Is LUT sharing between adjacent cogs very important?

Phil Pilgrim (PhiPi) · 2016-05-19 04:24

My gut tells me that, starting from reset it won't matter. But once things get fragmented, preferring singleton cogs with already-allocated odd/even mates is definitely the way to go. (I can't believe I'm still abetting this discussion. I should be flogged.)

-Phil

jmg · 2016-05-19 04:26

cgracey wrote: »

Good thinking. What I got out of that is that when a single cog is requested, an unused cog within an even/odd pair in which the other cog is in use is preferred over an unused cog whose even/odd neighbor is also unused. This will tend to leave unused even/odd pairs available for double-cog requests. Neat! Phil, would it really work?

That checking-two-deep makes good sense, I guess it has fairly low logic cost ?

cgracey · 2016-05-19 04:26

Phil Pilgrim (PhiPi) wrote: »

My gut tells me that, starting from reset it won't matter. But once things get fragmented, preferring singleton cogs with already-allocated odd/even mates is definitely the way to go. (I can't believe I'm still abetting this discussion.
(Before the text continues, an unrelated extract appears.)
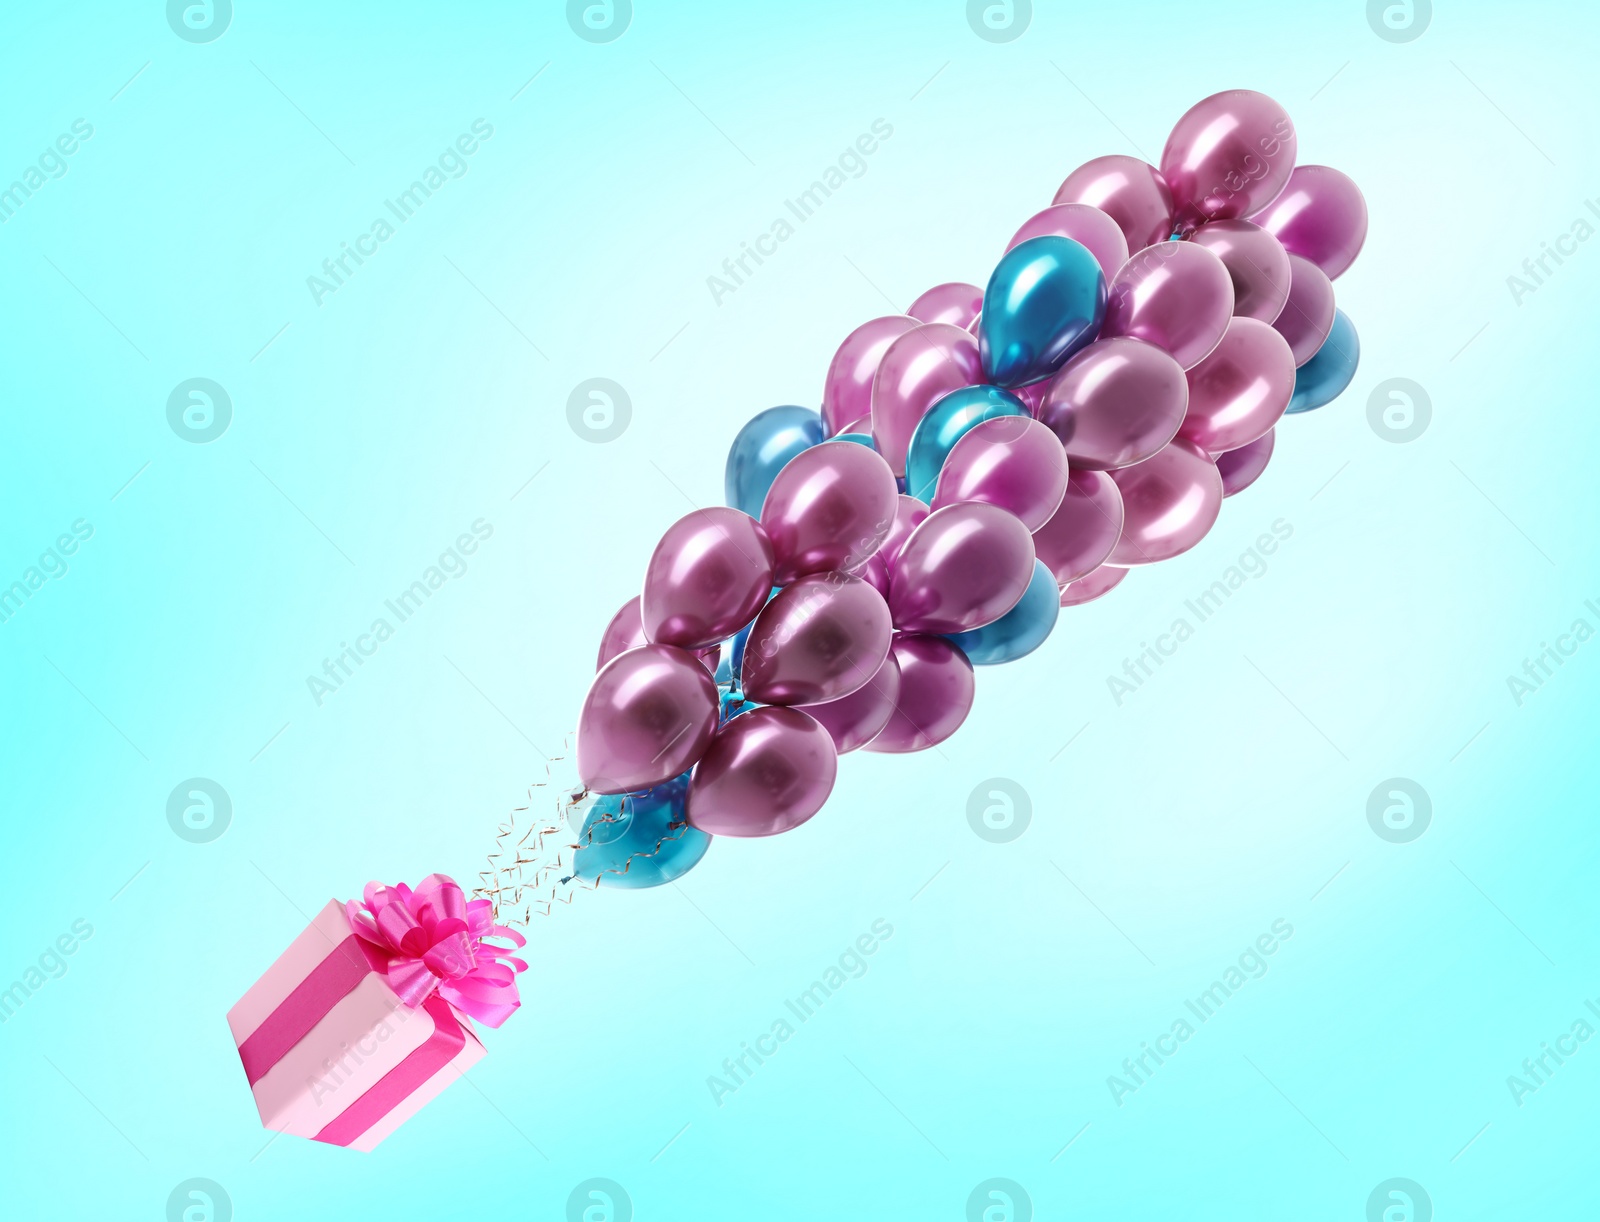 Image of Many balloons tied to pink gift box on light blue background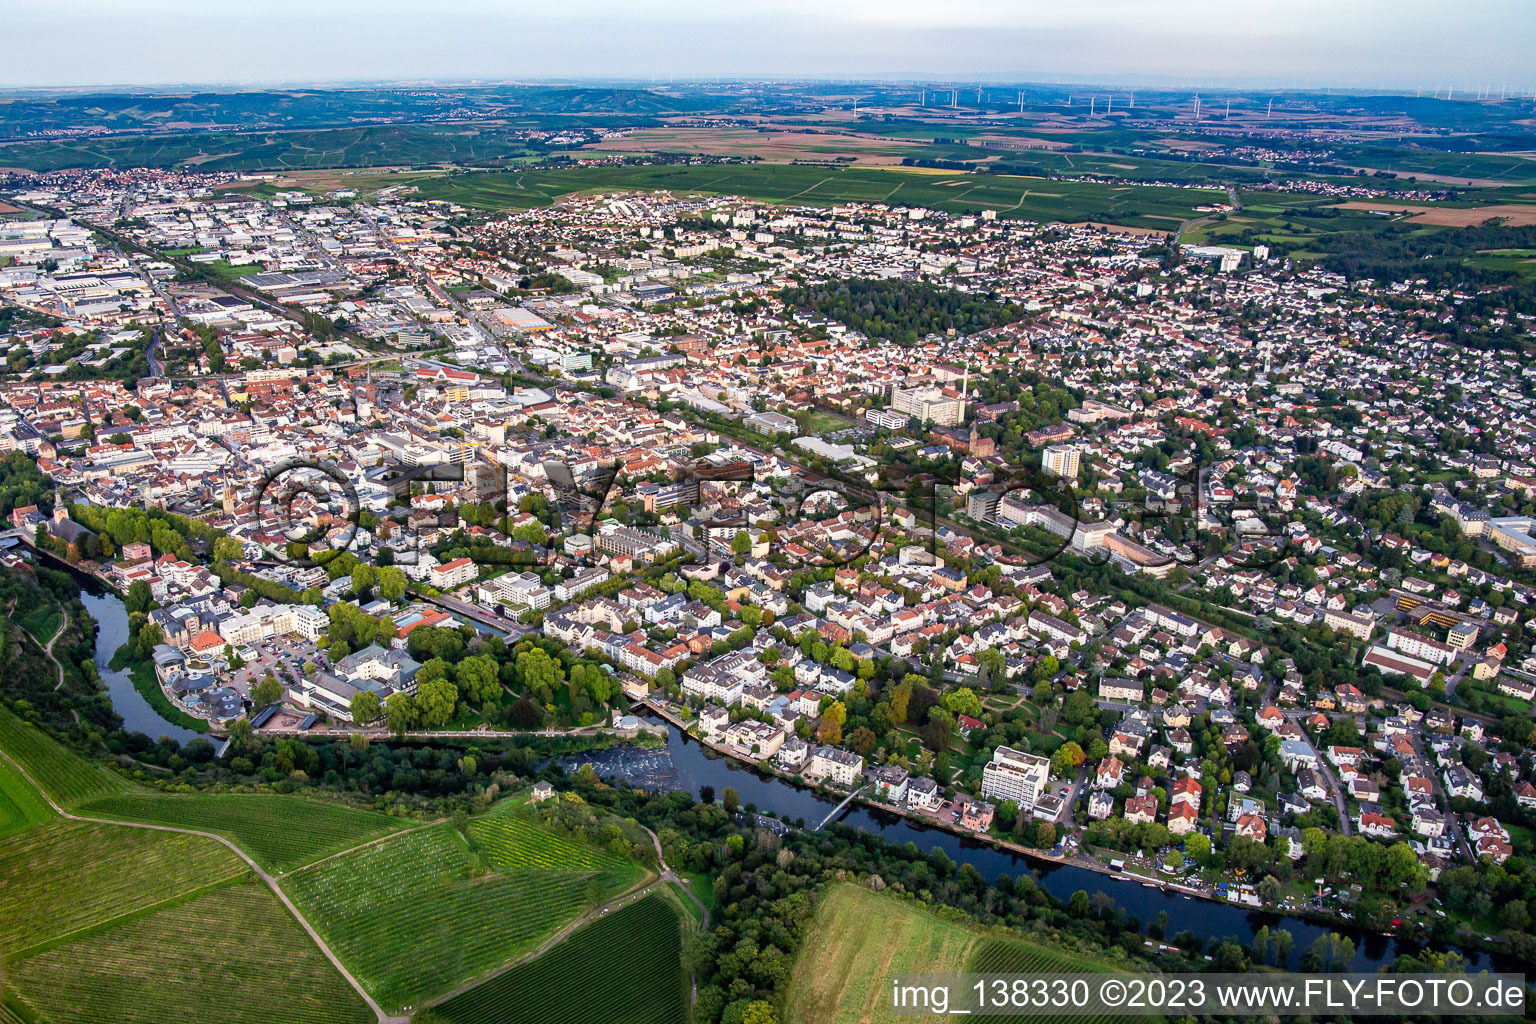 Aerial view of Overview from the southwest in Bad Kreuznach in the state Rhineland-Palatinate, Germany

I should be flogged.)

-Phil

I'm glad your so excited about things.

Phil Pilgrim (PhiPi) · 2016-05-19 04:45

cgracey wrote:

I'm glad your so excited about things.

There's a scene near the end of Kurt Vonnegut's Player Piano that I'll never forget. The Luddites have destroyed the robots and all they represent, including an automated orange juice vending machine in a station somewhere. One of them, fresh from victory, looks at the orange juice machine and says, "I think I can make it work again."

It's a sickness, really.

-Phil

cgracey · 2016-05-19 04:53

Phil Pilgrim (PhiPi) wrote: »

cgracey wrote:

I'm glad your so excited about things.

There's a scene near the end of Kurt Vonnegut's Player Piano that I'll never forget. The Luddites have destroyed the robots and all they represent, including an automated orange juice vending machine in a station somewhere. One of them, fresh from victory, looks at the orange juice machine and says, "I think I can make it work again."

It's a sickness, really.

-Phil

That's really funny.

I do not like this whole thing to drag on any longer, but there are just a few minor things that need to be put right before it's done.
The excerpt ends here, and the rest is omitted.